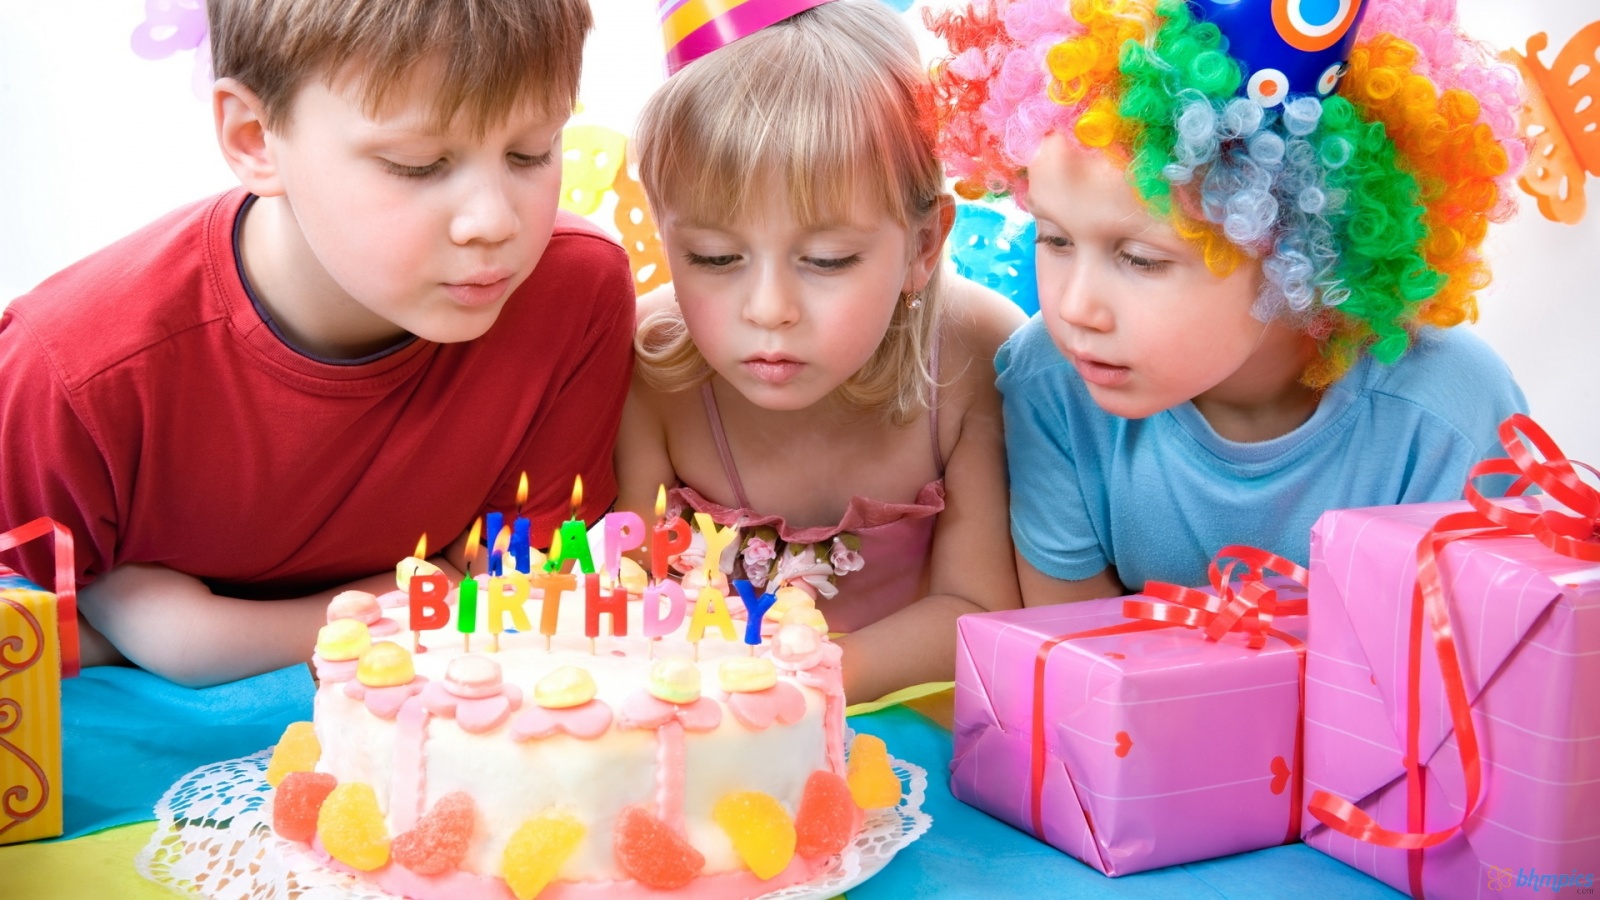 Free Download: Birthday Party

########################################

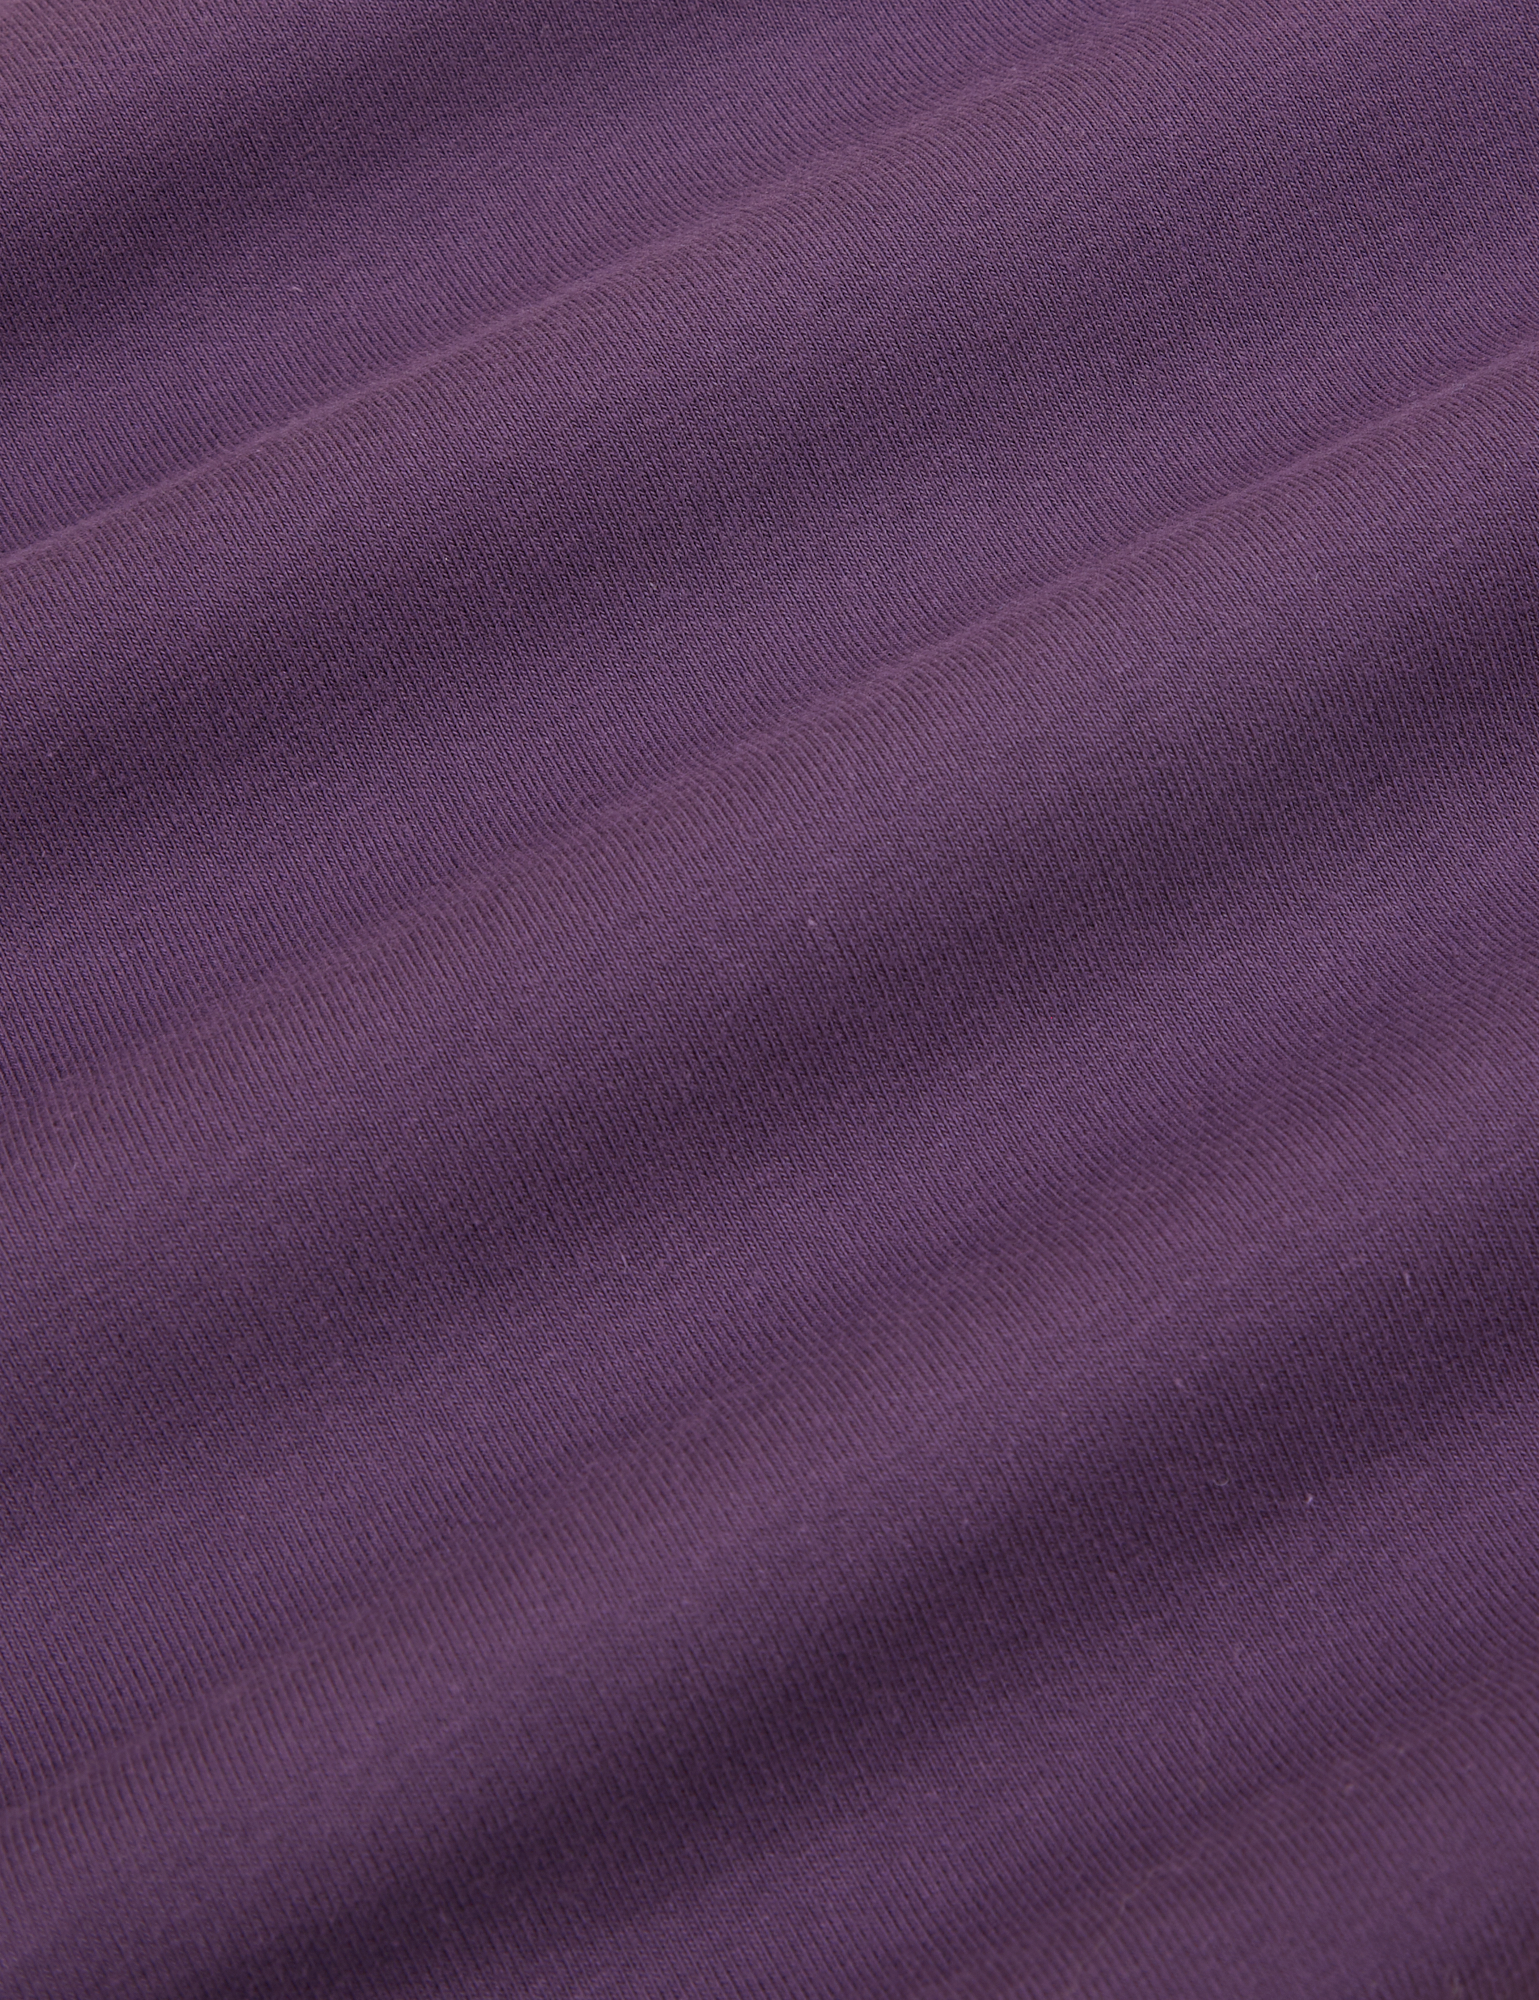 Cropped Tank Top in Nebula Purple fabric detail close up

########################################

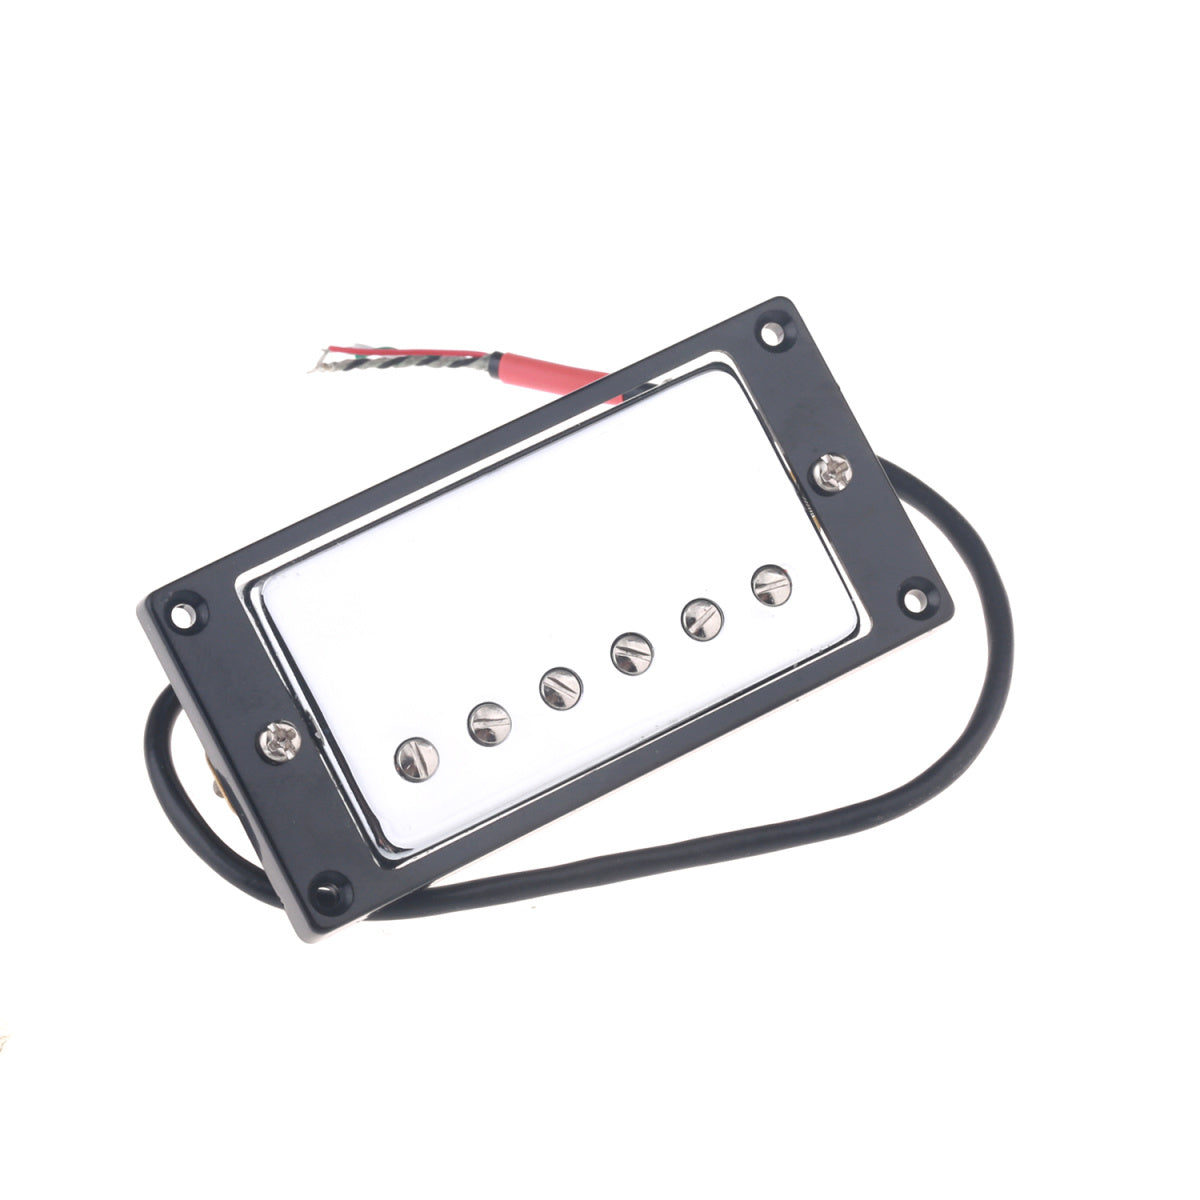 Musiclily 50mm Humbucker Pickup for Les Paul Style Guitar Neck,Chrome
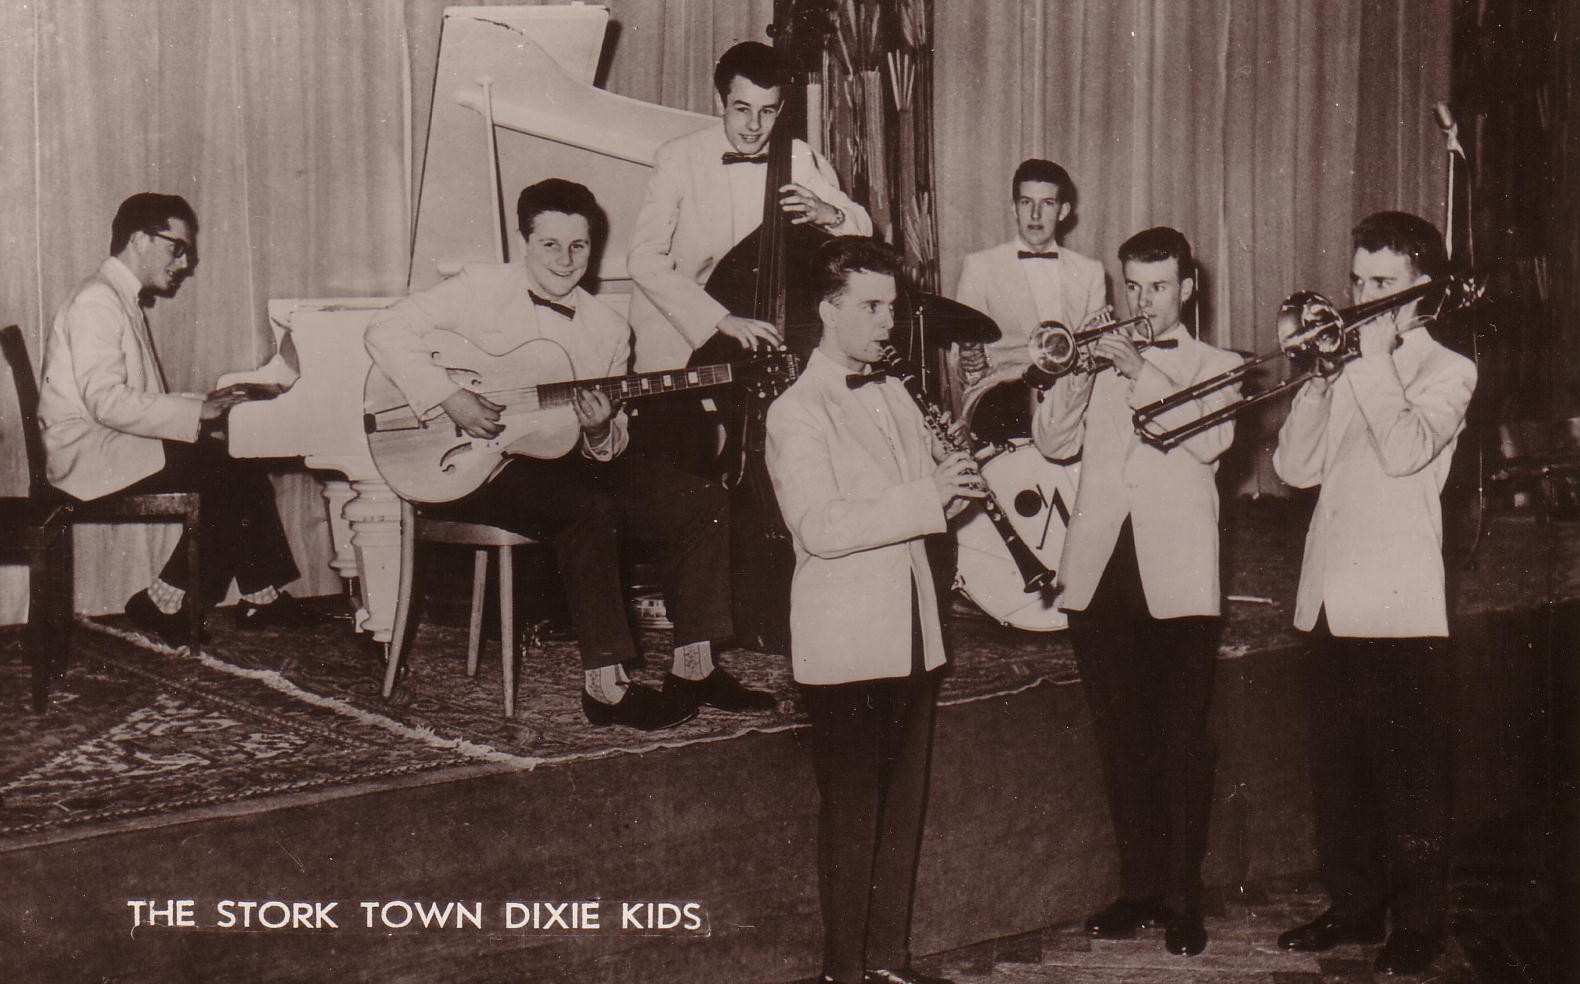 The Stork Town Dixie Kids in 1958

########################################

- **Work to be completed**
Because only one stretch of the records is wanted, please output the lines from the one holding "Musiclily 50mm Humbucker" through the one holding "The Stork Town Dixie Kids in 1958" exactly, both included, and leave every picture out.

- **Output for this exercise**
 Musiclily 50mm Humbucker Pickup for Les Paul Style Guitar Neck,Chrome
 The Stork Town Dixie Kids in 1958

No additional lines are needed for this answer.